Working data:
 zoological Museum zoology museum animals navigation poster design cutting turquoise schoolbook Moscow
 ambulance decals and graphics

---

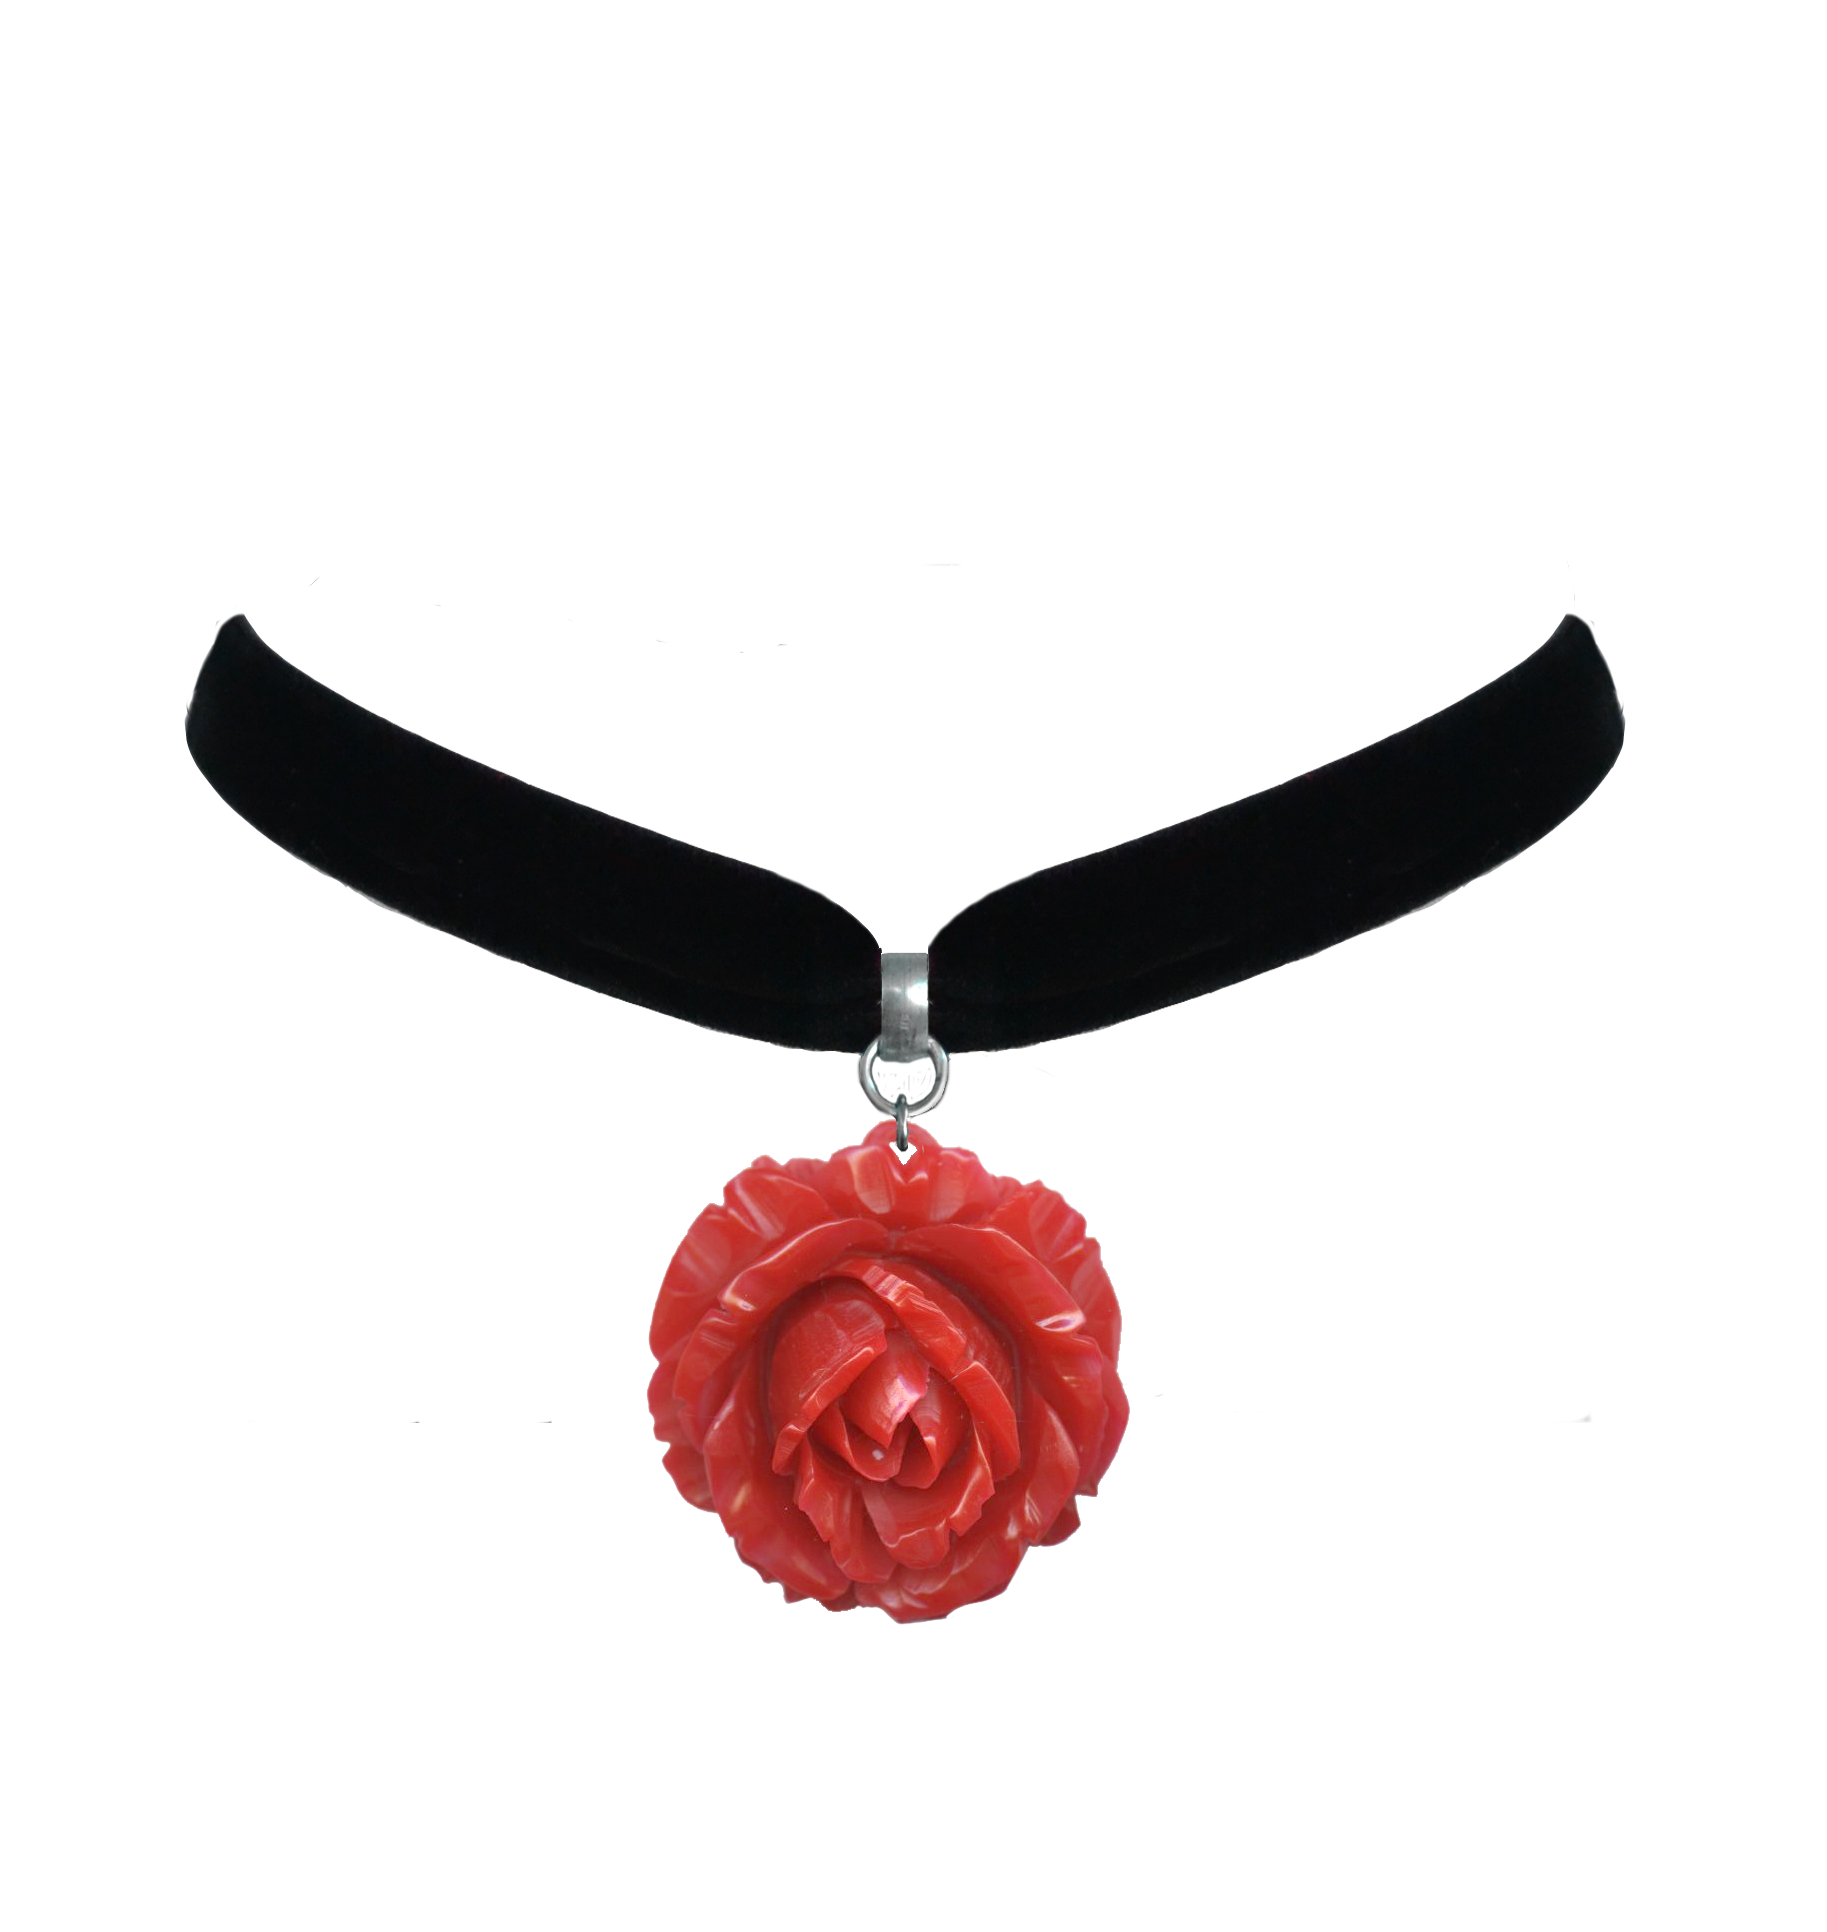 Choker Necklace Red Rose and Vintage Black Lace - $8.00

* * *

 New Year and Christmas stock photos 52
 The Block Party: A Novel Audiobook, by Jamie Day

Activity: In the data above, find the line that contains "New Year and Christmas stock photos 52" and the line that contains "The Block Party: A". Repeat exactly those lines and every line between them, and only those.

Result of the task:
 New Year and Christmas stock photos 52
 The Block Party: A Novel Audiobook, by Jamie Day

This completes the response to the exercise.